Фрэнк вытаращил глаза и расхохотался так заразительно, что фотографу оставалось только последовать его примеру. Я напомнила Фрэнку насчет записки к миссис Серано, и, присев на край моего стола, он тут же написал требуемый текст.

3

Почтовые ящики в холле были выкрашены в бурый цвет, и, хотя я ничего ниоткуда не ждала, я по привычке заглянула в свой ящик. Опять рекламные проспекты – самая нужная вещь для заворачивания кое-каких видов мусора; правда, некоторые норовят печатать на такой плотной бумаге, что в нее даже при всем желании ничего не завернешь. Закрыв ящик, я повернулась и нос к носу столкнулась с миссис Миллер. Она была в своем неизменном темно-синем платье – старые жильцы уверяли, что она носит его уже третий год подряд. На груди была приколота золотая брошка в стиле модерн, с мелкими изумрудами и рубинами. Миссис Миллер смерила меня взглядом, от которого даже кислое молоко стало бы еще кислее; но даже такой взгляд не мог испортить моего беспричинно хорошего настроения.

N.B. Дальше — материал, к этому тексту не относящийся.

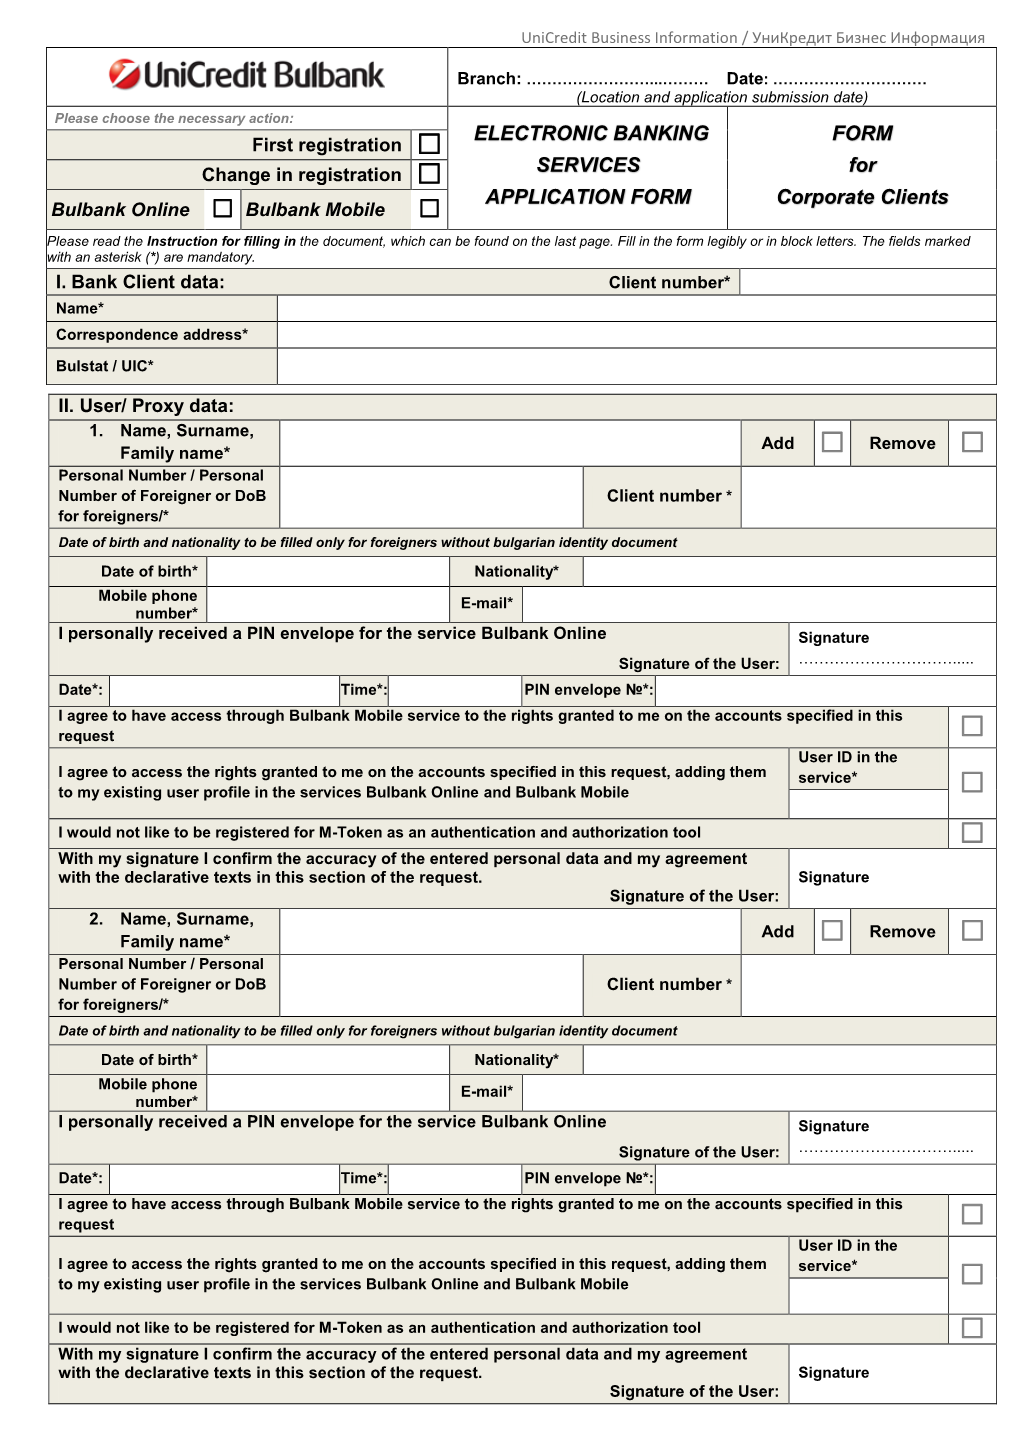 Electronic Banking Services Application Form for Corporate

– Здравствуйте, миссис Миллер, – сказала я с широкой улыбкой.

– Хм, – буркнула старая ведьма. – Неужели вы его встретили?

– Кого? – удивилась я.

– Мужчину своей мечты, кого же еще, – презрительно ответила миссис Миллер. – И не отрицайте: увяз коготок, увяз! Светитесь так, что спички зажгутся от одного вашего присутствия.

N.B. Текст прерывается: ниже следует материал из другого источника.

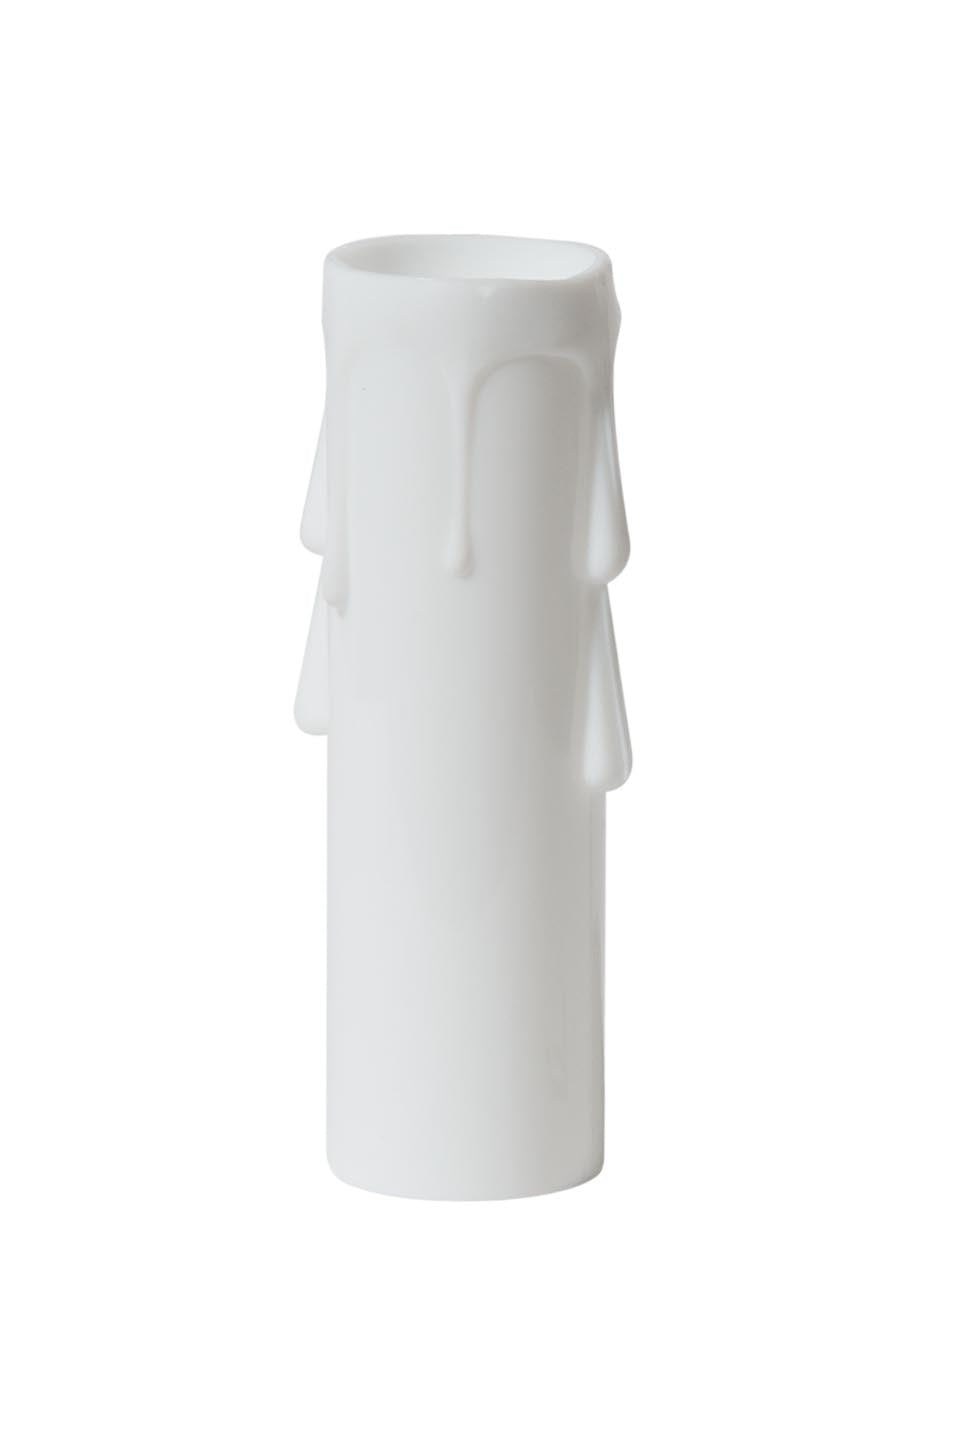 White Color Plastic Candelabra Candle Cover, 3 or 4 Inch Sizes

Я набрала воздуху в грудь.

– Миссис Миллер, – выпалила я, стараясь говорить как можно тверже, – вам не кажется, что это вас никоим образом не касается?

– Меня все касается, – сухо отозвалась старая ведьма. – Аборты слишком дорого обходятся, и если вы натворите глупостей, то не сможете в срок заплатить за квартиру.

– Миссис Миллер! – Я вспыхнула.

– Мисс Коротич, я давно за вами наблюдаю, и до сих пор, – хрюкнула эта гадюка в человеческом обличье, – вы не давали поводов для нареканий. У вас есть голова на плечах, и если я так говорю, значит, так оно и есть. Но вы еще слишком молоды, и я советую вам не вестись на сказочки о вечной любви и прочую чушь.

– Между прочим, если вам так хочется знать, – сердито сказала я, – я всего лишь была у портнихи! Заказывала платье!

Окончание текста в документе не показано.